July 30, 2009

Finished: Artists, Craftsmen, and Technocrats

Finished reading Artists, Craftsmen, And Technocrats, by Patricia Pitcher. (Link leads to PDF).

This is an excellent book about the role of artists, craftsmen, and technocrats. I've been increasingly interested in the role of apprenticeship in the the historic European journeyman system, and the guild structure. This book applies the artist-craftsman-technocrat scheme to modern life (in work, organizations, and societies). I really enjoyed reading it, which is unusual in a book translated from the French into English; the author is a PhD at a bilingual Toronto university.

She describes all three as honest, hardworking, and ethical. She positions the Artist as that 1% of the population that is the creator, the dreamer, the filler of vacuums, the synthesizer who can take the (work, industry, society) to a new level. The Artist is people-oriented, open-minded, intuitive, and visionary.

She paints the Craftsman as the majority of the population, the people who've learned through experience, the day-in-day-out people who actually do things, the patient, tolerant people who know what works and what won't. The Craftsman is humane, dedicated, knowledgeable, and wise.

The Artist and Craftsman are "fellow-travelers"; they get along and respect each other.

But the Technocrat is another story. Detail-oriented, rigid, methodical, and hardheaded, the Technocrat is the enemy of both the Artist and the Craftsman. His/her analytical thinking leaves no room for fresh ideas and new pathways; he/she follows an uncompromising set of rules he/she believes are right.

The Technocrats are the buzzworders, acceptors of current wisdom, the micro-focused, the planners and charters, the people who want it now, and in essence the people that embrace the administration of things rather than the human and social consequences involved.

Of course, she says it much better than that. She develops interesting flows of how each group sees the other, and suggests that the Technocrats have risen beyond their place in (business, society) to the detriment of us all.

Her dynamic suggests that the Technocrats have thrived because the Artists respect their skills, and the Craftsmen tolerate or ignore them, while the Technocrats will actively plan against the other two groups, viewing the Artist as out of control and lazy, and the Craftsman as old-fashioned and incompetent.

She closes with a call to embrace the Craftsmen and to tolerate the Artists, who are hated beyond reason by the Technocrats.

The test of any good theory is: does it explain what you've experienced? Does it predict where things might go? On both counts, this book is informative and successful.

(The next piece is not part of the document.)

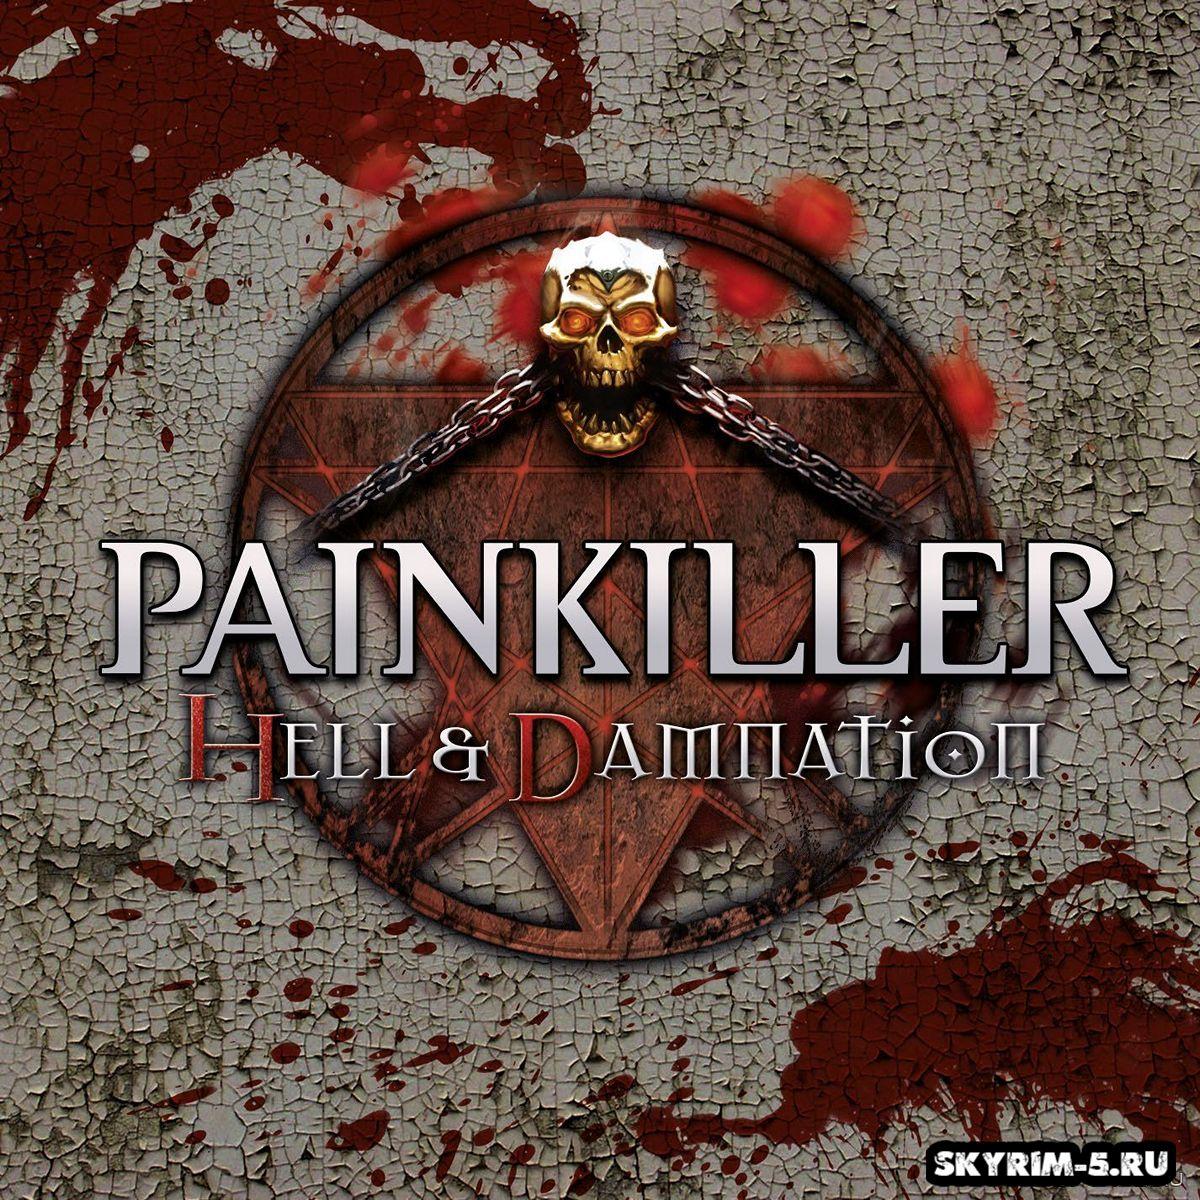 Painkiller в СкайримеМоды Скайрим > Звуки и музыка Скайрим

Pitcher describes the behavior, thought processes, temperment, and inner life of each group. She backs it up with a 15-year ethnographic examination of a financial corporation, and I find it hard to disagree with her descriptions.

She does not offer bromides or checklists for the care and feeding of each type, but rather focuses on a call for Character, a return to Philosophy, a re-cognition of the Classics, and a call for restoring the place of the Craftsman, who has been too easily displaced by the Technocrat.

I enjoyed the translation, and found her discussion contrasting the French system of compagnonnage and it's social attributes with the more German system of apprenticeship to be a fascinating examination.

I highly recommend this book. Although I purchased the hard-cover from an hard-to-find book vendor, this link sells the PDF for $4. It's a good read from a multi-disciplinary perspective.

3 comments:

Cindy said...

I want a copy of this book, but I can't find one. Any suggestions? (E-mail suggestions to spackmanc@yahoo.ca, thanks!)

Vannevar said...

Cindy, click the link at the top of the post, you can download a digital copy from Amazon for $4.

LionDormant said...

Hi

Re; "the author is a PhD at a bilingual Toronto university"

In fact, she did her PhD under Henry Mintzberg at McGill University, an English-language university, and now teaches at Universitê de Montrêal, a French-language university. Both of these institutions are located in the (effectively, if not officially) bilingual city of Montreal, about 500 km from Toronto.

I, too, found the book interesting and inspiring, especially as I watch my own workplace become a technocrat's paradise.

...and just for fun, although I understand what you mean, I can't help thinking that your hard-to-find book vendor might want to advertise its coordinates better, so as to become an easy-to-find hard-to-find-book vendor.